2.   SUMMARY OF SIGNIFICANT ACCOUNTING POLICIES

     Cash Equivalents, for the purposes of statements of cash flows, are
considered to be all highly liquid investments with a maturity of three
months or less when purchased.

     Amortization - Original issue discount and deferred finance charges are
amortized using the effective interest method over the life of the
related notes and have been included as a component of interest income
and interest expense.

     Income taxes - The Company has elected to be taxed as a Sub-chapter S
Corporation under the Internal Revenue Code and, as a result, has no
federal income tax liability.

     Basis of Presentation - Information presented in the financial statements
for the year ended in 1993 reflect the period from the Company's inception on 
December 22, 1993 to its fiscal year ended on December 31, 1993.

3.   SIGNIFICANT TRANSACTIONS

     On January 5, 1994, in a private placement transaction, FM 1993A Corp.
issued and sold $70 million aggregate principal amount of notes (the "Private
Placement Notes") for $68.9 million, less offering expenses of $2.5 million,
which proceeds were used to purchase for $66.4 million, notes receivable from
CRC-I and CRC-II with an aggregate principal amount of $70 million
(collectively, the "CRC Notes").  In September 1994, the Private Placement
Notes were exchanged for substantially identical registered notes (the
"Notes").  The Notes are due November 1, 2003, payable interest only at the
rate of 9.75% per annum semi-annually on July 1 and January 1 each year, with
a mandatory prepayment of 50% of the original principal on the first business
day of January 2003.  The CRC Notes' payment and interest terms are equivalent
to and structured to coincide with the Notes such that funds will be available
to make payments on the Notes.  In addition, the CRC Notes require semi-annual
sinking fund payments to a trustee of $747 thousand, which will be utilized to
partially fund the 50% prepayment in January 2003.  CRC-I and CRC-II used the
proceeds of the CRC Notes (of which approximately 43% relates to CRC-I and 57%
to CRC-II) to purchase estates for years in various Foodmaker restaurant
properties and, in a transaction accounted for as a financing, will lease back
such properties to Foodmaker on terms which will provide the funds necessary
to make the CRC Notes' payments.  The Notes are secured by, among other
things, the CRC Notes, the CRC leases to Foodmaker, first priority liens on
the underlying properties and any sinking fund or other amounts held in trust.

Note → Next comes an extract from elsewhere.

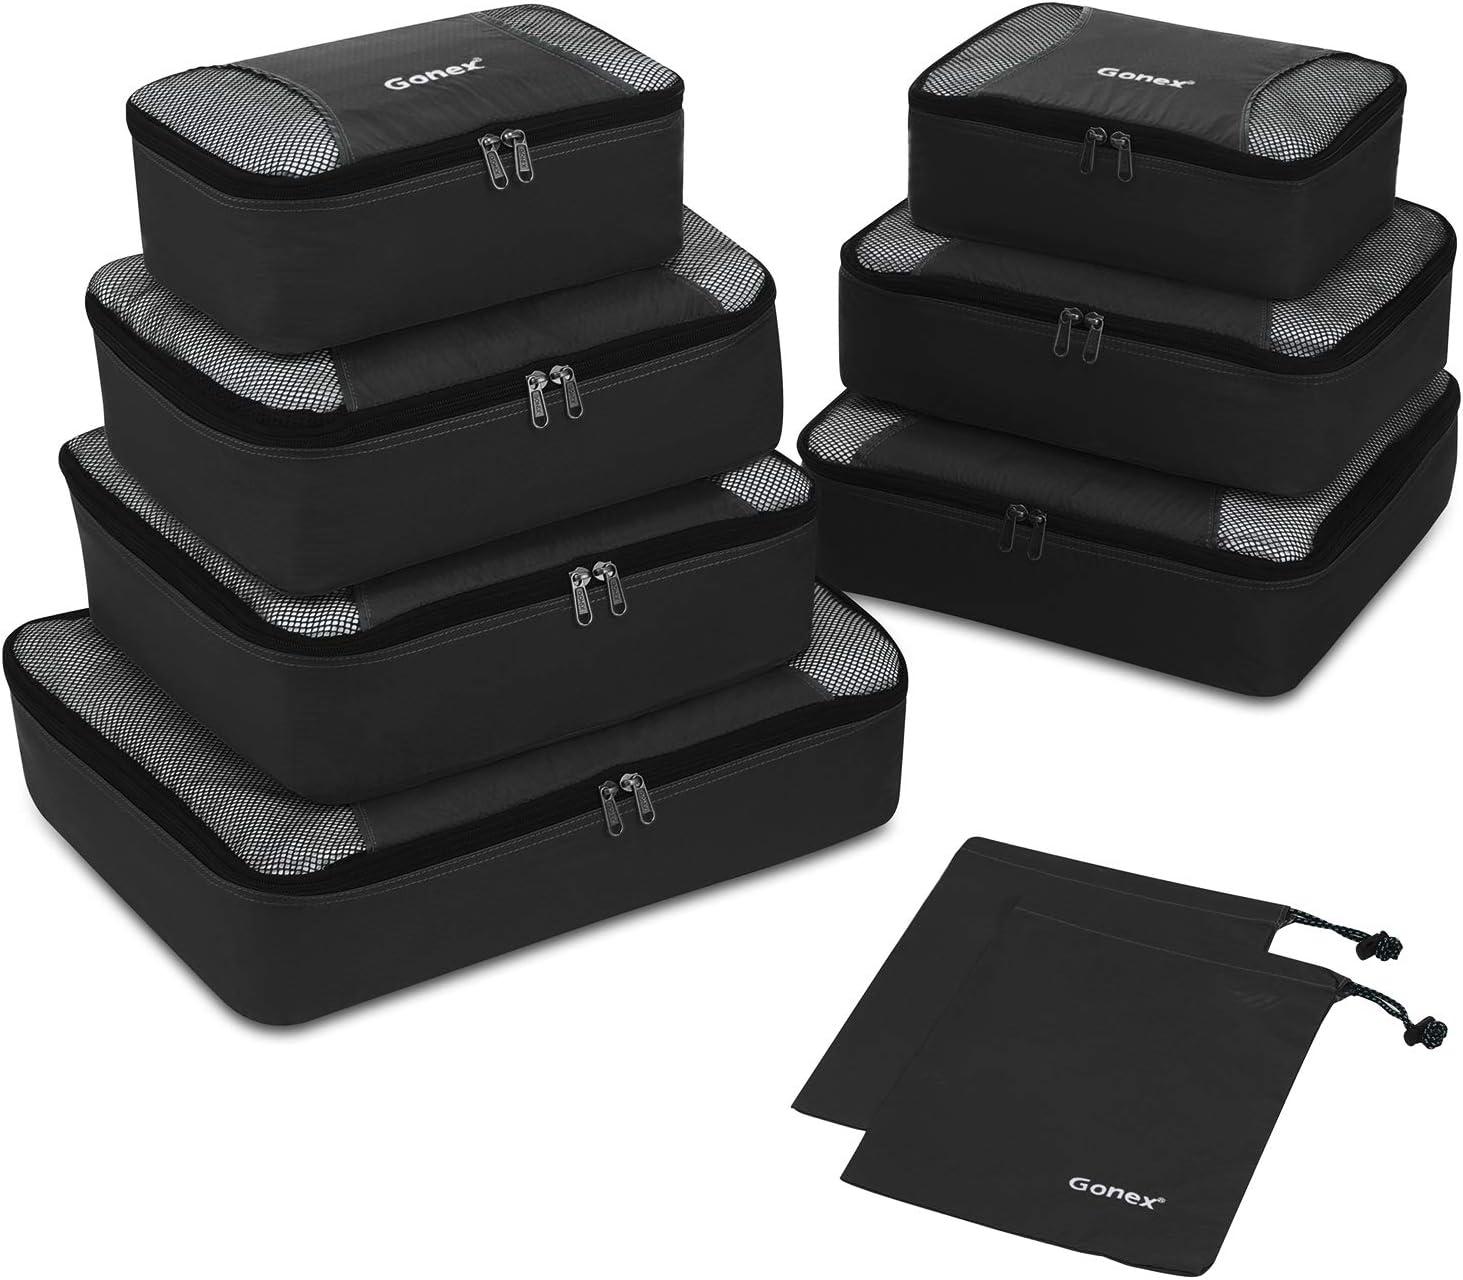 Gonex – 9 Packs Organizador para Maletas/Viaje Bolsas de Embalaje/Almacenaje Ultraligeros Multifuncionales Rip-Stop de Nylon Negro

                                      F-7
<PAGE>
<PAGE>
     The Company's only source of liquidity is payments on the CRC Notes, 
which, in turn, are dependent upon Foodmaker's payments on the CRC leases.
If Foodmaker were to fail to make payments to CRC-I and CRC-II on the 
financing leases.  CRC-I and CRC-II would be unable to make payments on the 
CRC Notes.  The Company would then be required to initiate proceedings to gain 
possession of, liquidate or obtain tenants for the restaurant properties.  
There can be no assurance that such collateral could be liquidated, if 
necessary, in sufficient amounts or at times required to satisfy all scheduled 
principal and interest payments.

                                      F-8
<PAGE>
<PAGE>
                          INDEPENDENT AUDITORS' REPORT




The Partners
CRC-I Limited Partnership.:

We have audited the accompanying balance sheets of CRC-I Limited Partnership,
a limited partnership, as of December 31, 1994 and December 31, 1993, and the
related statements of operations, partners' capital, and cash flows for the
year ended December 31, 1994 and for the period from December 8, 1993
(inception) through December 31, 1993.  These financial statements are the
responsibility of the Partnership's management.  Our responsibility is to
express an opinion on these financial statements based on our audits.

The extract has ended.